在Chrome DevTools中：右键行号 > 添加条件断点

javascript

// 仅当userId为特定值时暂停
userId === 'abc-123'

在VS Code的

launch.json

中：

json

{
  "condition": "i > 100 && items[i] === null"
}

日志断点 - 记录消息但不暂停执行（无侵入性，无需修改源代码）：

在Chrome DevTools中：右键行号 > 添加日志断点

User {userId} 调用了checkout，商品数量为{items.length}

在VS Code中：右键断点 > 编辑断点 > 选择日志消息

当遍历大型集合且仅特定元素会触发bug时，使用条件断点。当你需要多次调用的时间序列数据时，使用日志断点。
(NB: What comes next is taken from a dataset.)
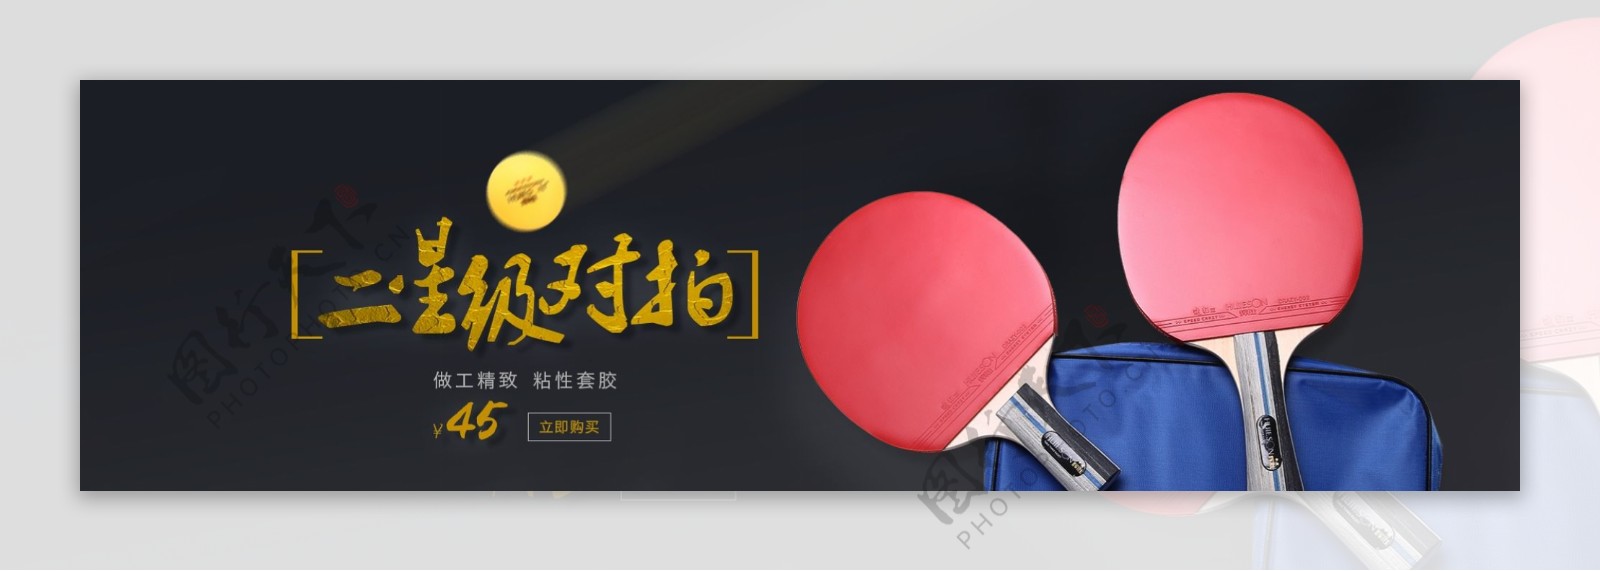 黑色背景乒乓球拍海报banner

Anti-patterns / common mistakes

反模式 / 常见错误

Mistake	Why it's wrong	What to do instead
`console.log` driven development	Clutters output, requires code changes, leaves logs in production	Use logpoints or structured logging with debug levels
Debugging on production	Modifying production state to understand a bug risks data corruption and outages	Reproduce locally or in staging; use read-only observation tools ( `strace -p` )
Fixing without understanding	Changing code until tests pass without knowing root cause leads to the same bug resurfacing in a different form	State the hypothesis in writing before making any change
Ignoring the call stack	Looking only at the top frame of an exception misses the call path that created the bad state	Always read the full stack; the root cause is usually 3-5 frames down
Heap snapshot without baseline	Comparing one snapshot gives no signal - you cannot tell what grew	Always take a baseline snapshot before the action under test
Running strace on production without `-o`	strace output mixed with the program's stderr and interleaved in logs	Always use `strace -o /tmp/trace.log` to isolate output

错误做法	错误原因	正确做法
依赖 `console.log` 进行开发	输出杂乱，需要修改代码，可能将日志遗留到生产环境	使用日志断点或带有调试级别的结构化日志
在生产环境直接调试	修改生产环境状态以排查bug可能导致数据损坏和服务中断	在本地或预发布环境复现问题；使用只读观测工具（如 `strace -p` ）
未理解根因就修复	盲目修改代码直到测试通过，而不了解根因，会导致相同bug以其他形式重现	在修改代码前，先书面记录你的假设
忽略调用栈	仅查看异常的顶部栈帧，会错过导致错误状态的调用路径	始终阅读完整的调用栈；根因通常在下方3-5层栈帧中
无基准的堆快照	仅对比单个快照无法获得有效信息——你无法判断哪些对象在增长	在测试操作前，始终拍摄基准快照
在生产环境使用strace但未加 `-o` 参数	strace输出会与程序的stderr混合，导致日志混乱	始终使用 `strace -o /tmp/trace.log` 将输出单独保存

References

参考资料

For detailed command references, read the relevant file from

references/

```
references/tool-guide.md
```
- Quick reference for each debugging tool with key commands

Only load the references file when you need the full command reference for a specific tool and the task at hand requires precise flag-level detail.

如需详细的命令参考，请阅读

references/

目录下的相关文件：

```
references/tool-guide.md
```
- 各调试工具的快速参考，包含常用命令

仅当你需要特定工具的完整命令参考，且当前任务需要精确的参数细节时，才加载参考文件。